Wheat and rye can be grown as a winter cover crop, planting in September or October. They die down through the winter unless it’s awfully mild, but flush up with green grassy growth in spring. At this point you can till them under if all you wanted was the cover crop; but if you haven’t got a tiller, or want more out of the cover crop, let it grow until pollen shed—that is, until the three or four foot tall plants are visibly shedding yellow flecks of pollen, late in May probably. If you cut them off at the point, most of the roots will die, leaving the bed available for another crop. The growth of this subsequent crop will be enhanced if you alternate rows with a nitrogen fixing cover crop like vetch or winter peas. However, these must be pulled out when they start to vine in spring or they’ll pull down the grain.
But suppose you actually want to grow the wheat or rye—or perhaps oats—to usable grain. That only takes another month or so, but I’ve found that wheat may ripen unevenly, may splay and lean and fall (perhaps helped by rodentish grain thieves) which can make it difficult to harvest nice even sheaves of wheat (or rye). I have hung these sheaves in my greenhouse to get completely dry. Then, since I had such a small crop, I just plucked out the grain by hand rather than setting up a threshing operation. For that you need a clean space (using a tarp maybe) and a flail (maybe a plastic bat) with which to beat on the grain (or pea or bean pods) to break it all up into bits.
Having achieved the threshing, next comes winnowing which I usually find quite easy—just use a box fan and pour the mess from one vessel to another repeatedly, finding the distance and fan speed which allows the lighter chaff to blow away while the heavier grain falls into your vessel. With each pass your grain gets cleaner.

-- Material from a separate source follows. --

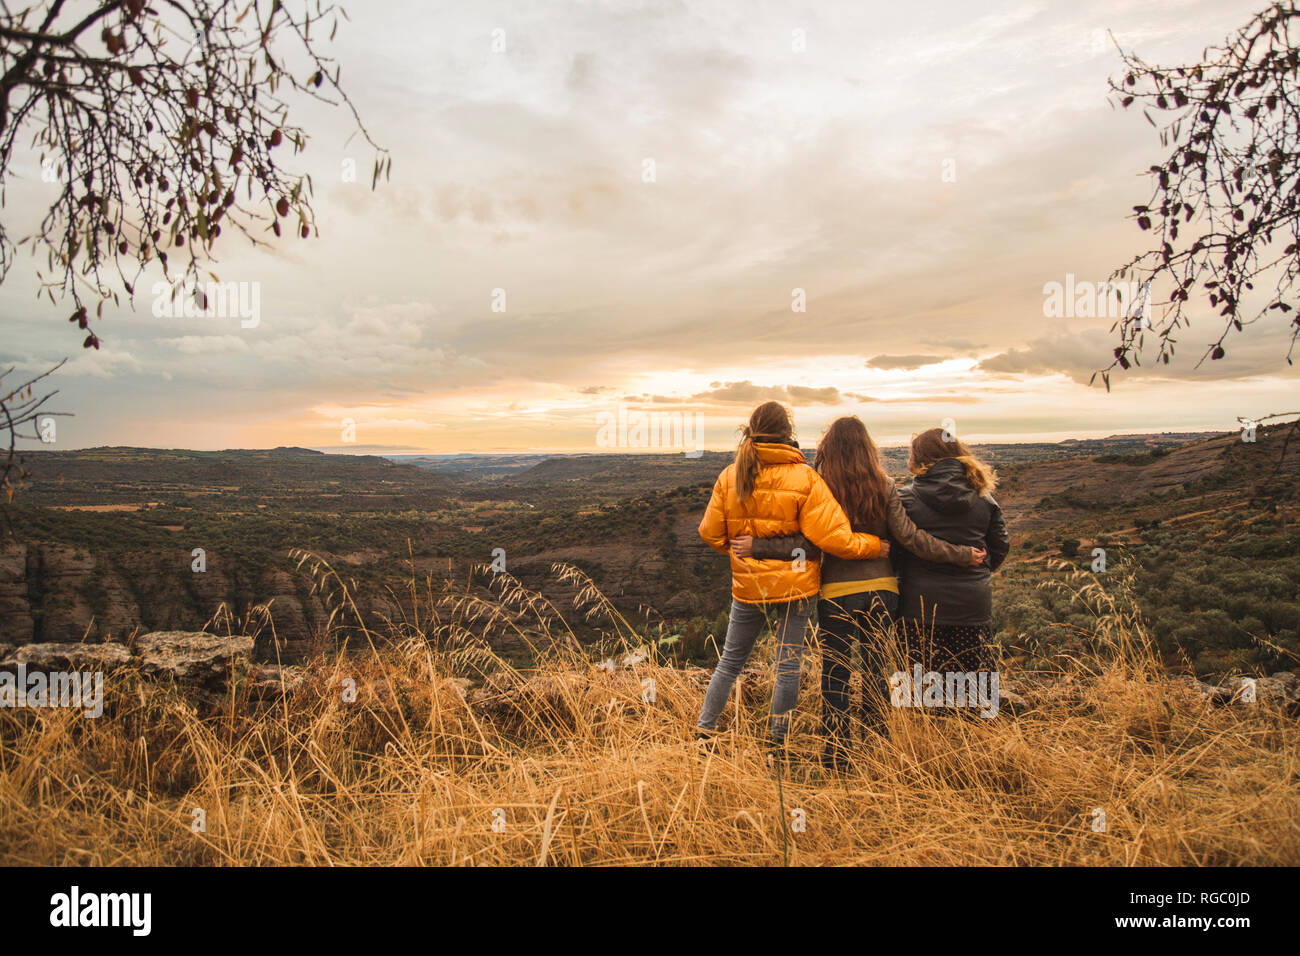 Spagna, Alquezar, tre amici abbracciando sulla cima di una collina che domina il paesaggio Foto Stock
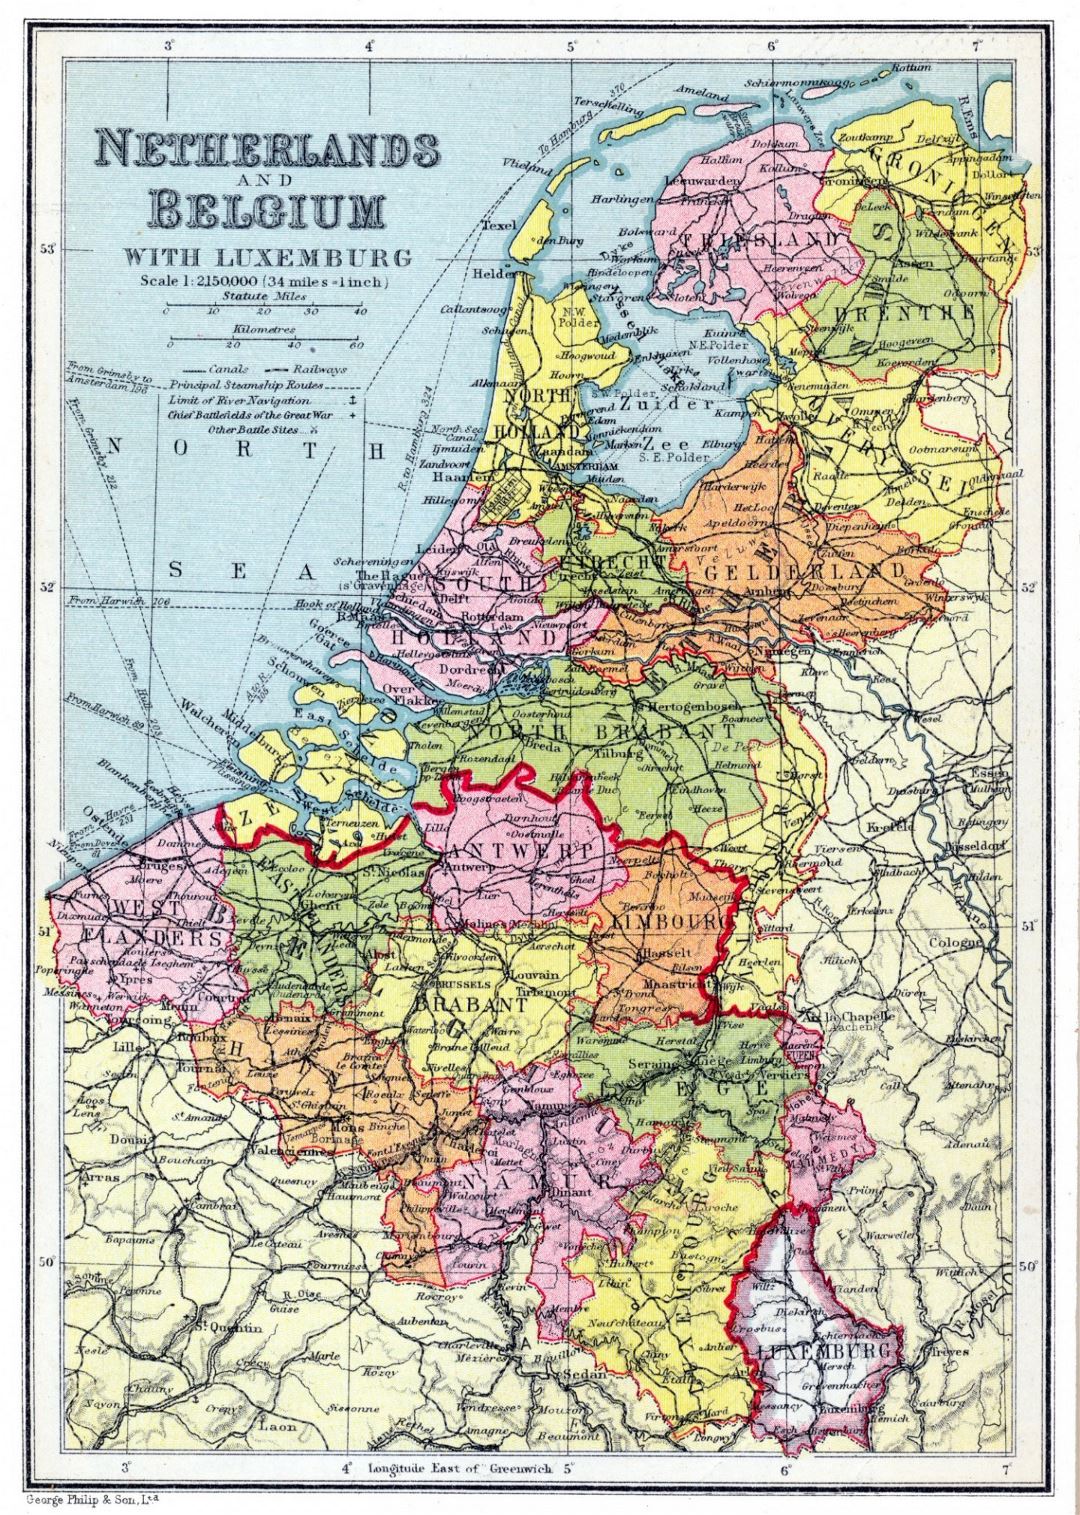 Grande detallado mapa político y administrativo antiguo de Holanda y Bélgica

I hear that buckwheat is very difficult to thresh because it ripens so unevenly, and quinoa is also not easy. I haven’t tried either myself. I have had limited success with wheat and rye and will try again. I failed last year in my one attempt with sesame. Sunflowers are easy to grow and are excellent chicken feed, not requiring threshing (the chickens do it themselves) but I have not figured out how to efficiently shell them for human use. I have grown sorghum mostly for the syrup, but it does make a nice seed head on top which I have sometimes stripped by hand for storage but I also may just throw a couple of heads to the chickens to thresh for themselves. Sorghum seed heads are also very pretty; so are sunflowers.